If you have a lot of hosts (more than about seven) you should start with the "MORE" link at the bottom of the dashboard list so that you can find all your hosts in pages of 20 at a time. In this full list, the far right hand column is called "Last Contact" and contains the server log links for all hosts. Just click the link for the host you're interested in.
Now that you know that logs exist and how you can see them, let's look at some interpretation. I've chosen an 'easy to interpret' log relating to a question asked on the "Problems and bug reports" board quite recently. The purpose here is just to show some basic things to look for in the log itself so the actual question posted isn't important. Here are the first four records in full to show all the fields. The first 3 fields in each record are the date, time, and process ID (PID) of the scheduler instance making the log entries. These fields are not needed for interpretation so the full log will be reproduced later with them edited out for simplicity. For ease of reference I've inserted a record number at the start of each record.
2017-01-14 15:58:25.9427 [PID=28383] Request: [USER#xxxxx] [HOST#12211894] [IP xxx.xxx.xxx.147] client 7.6.33 2017-01-14 15:58:26.0802 [PID=28383] [debug] have_master:1 have_working: 1 have_db: 1 2017-01-14 15:58:26.0802 [PID=28383] [debug] using working prefs 2017-01-14 15:58:26.0802 [PID=28383] [debug] have db 1; dbmod 1484401578.000000; global mod 1484401578.000000 ....
So now here is the full log, minus the first 3 fields, but complete with the added record numbers. I've tried to format it so that there's no line wrapping occurring - I'm not using [ code ] tags this time, for example, so as not to overflow any lines.
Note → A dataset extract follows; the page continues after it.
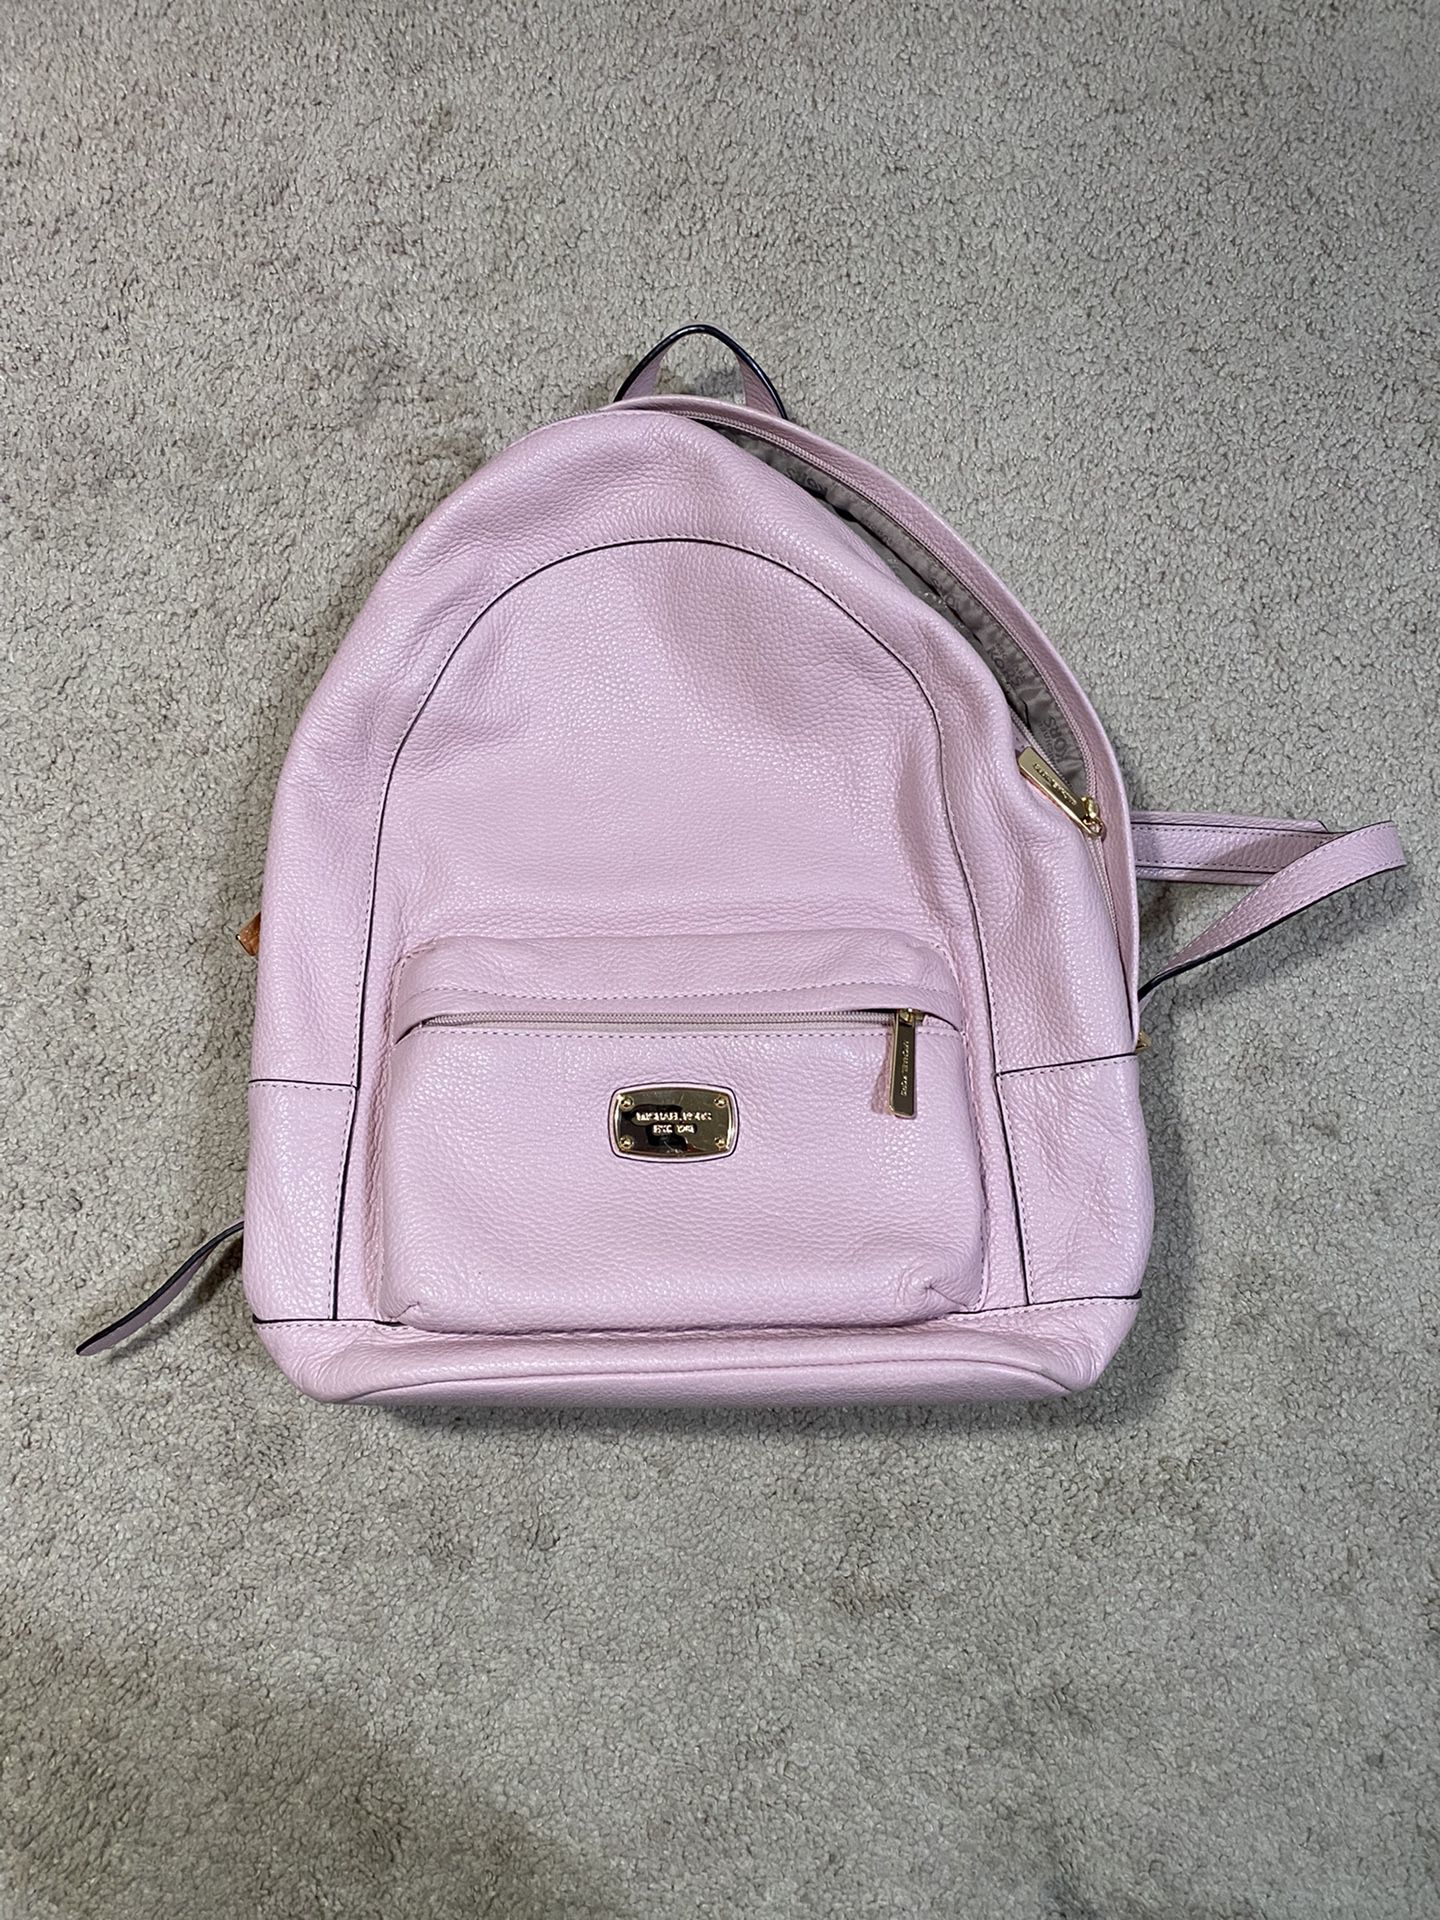 (SOLD) Michael Kors Backpack (Medium, Light Pink)

1. Request: [USER#xxxxx] [HOST#12211894] [IP xxx.xxx.xxx.147] client 7.6.33
2. [debug] have_master:1 have_working: 1 have_db: 1
3. [debug] using working prefs
4. [debug] have db 1; dbmod 1484401578.000000; global mod 1484401578.000000
5. [send] effective_ncpus 3 max_jobs_on_host_cpu 999999 max_jobs_on_host 999999
6. [send] effective_ngpus 1 max_jobs_on_host_gpu 999999
7. [send] Not using matchmaker scheduling; Not using EDF sim
8. [send] CPU: req 0.00 sec, 0.00 instances; est delay 0.00
9. [send] CUDA: req 14550.53 sec, 0.17 instances; est delay 0.00
10. [send] work_req_seconds: 0.00 secs
11. [send] available disk 17.44 GB, work_buf_min 17280
12. [send] active_frac 0.999988 on_frac 0.991793 DCF 1.000000
13. [send] [HOST#12211894] not reliable; max_result_day 31
14. [send] set_trust: random choice for error rate 0.000023: yes
15. [mixed] sending locality work first (0.7617)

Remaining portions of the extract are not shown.